*Assignment*.
Take the listing below and print exactly the lines starting at the line containing "Imprinted Size 38" and ending at the line containing "Heel 9.5cm (3.7in)", both ends included, and no others.

*Provided data*.
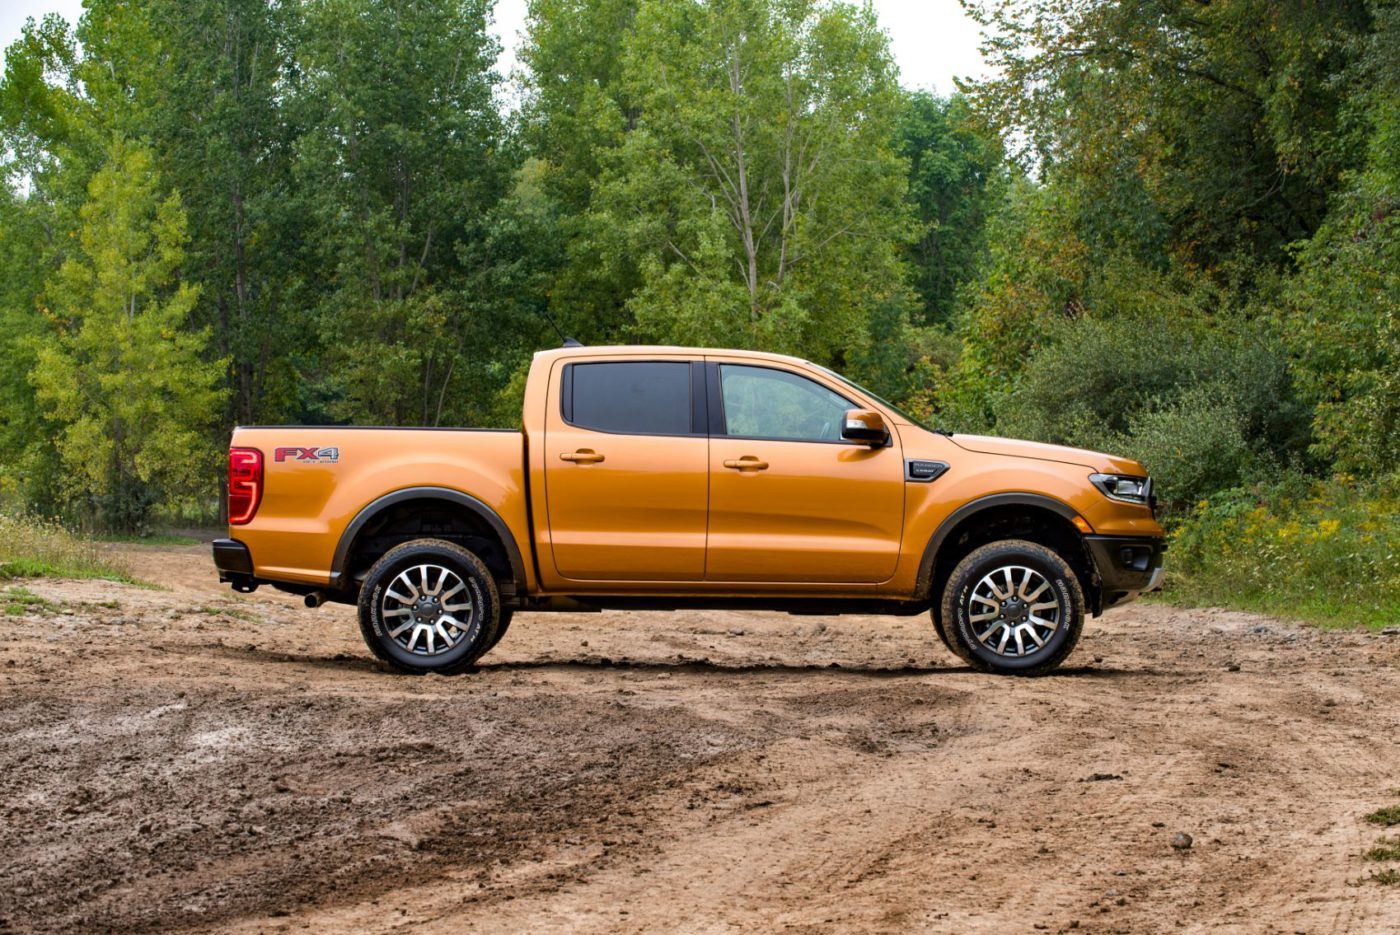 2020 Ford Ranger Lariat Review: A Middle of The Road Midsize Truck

* * *

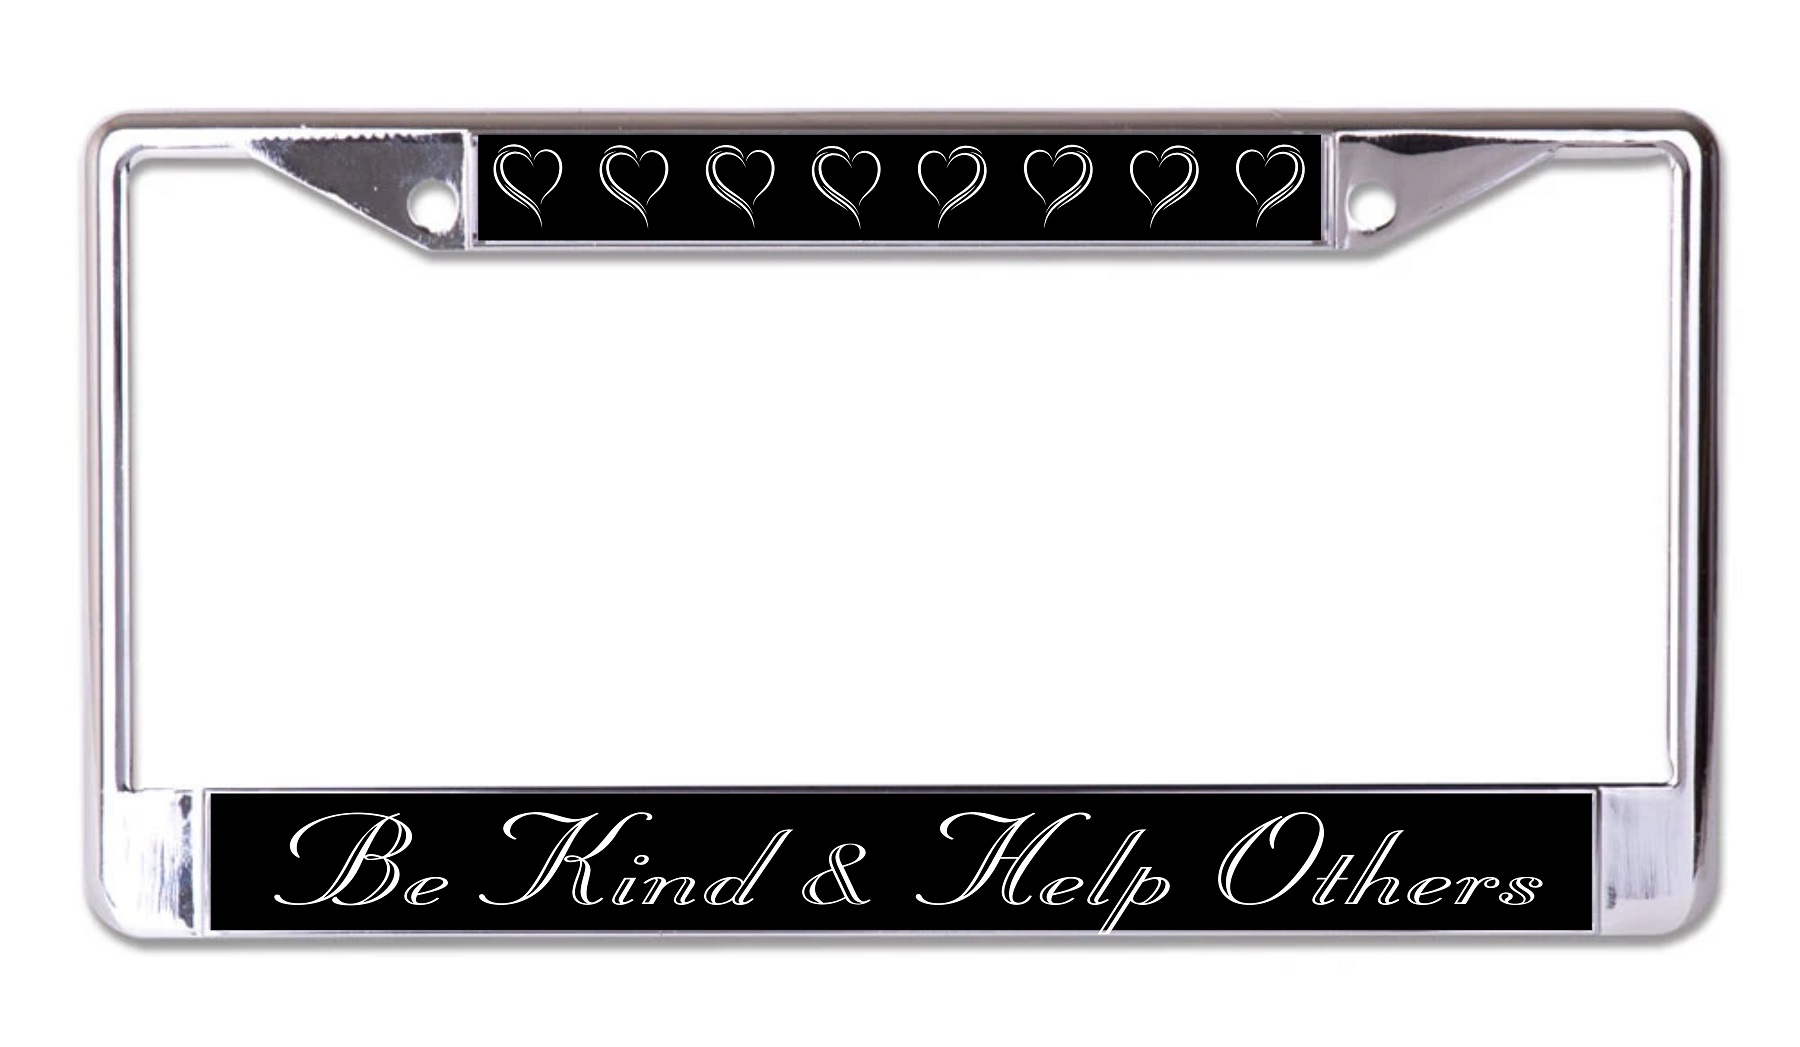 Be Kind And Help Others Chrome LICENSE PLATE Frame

==

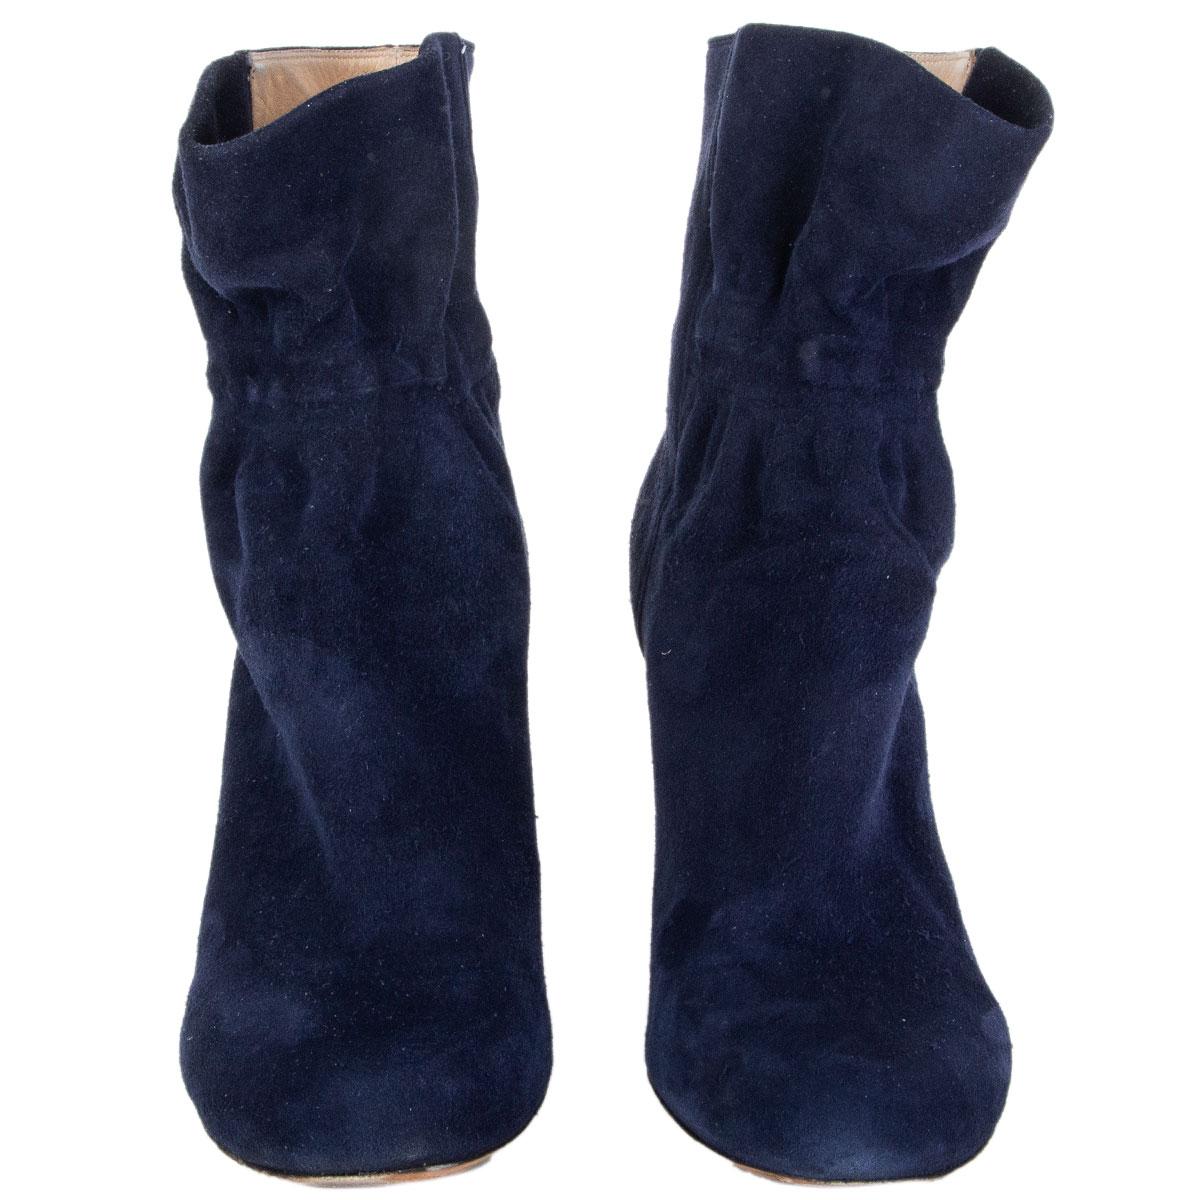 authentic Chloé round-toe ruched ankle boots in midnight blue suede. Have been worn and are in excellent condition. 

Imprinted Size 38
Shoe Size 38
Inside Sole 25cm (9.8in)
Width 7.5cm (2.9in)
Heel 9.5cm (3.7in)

*Solution*.
Imprinted Size 38
Shoe Size 38
Inside Sole 25cm (9.8in)
Width 7.5cm (2.9in)
Heel 9.5cm (3.7in)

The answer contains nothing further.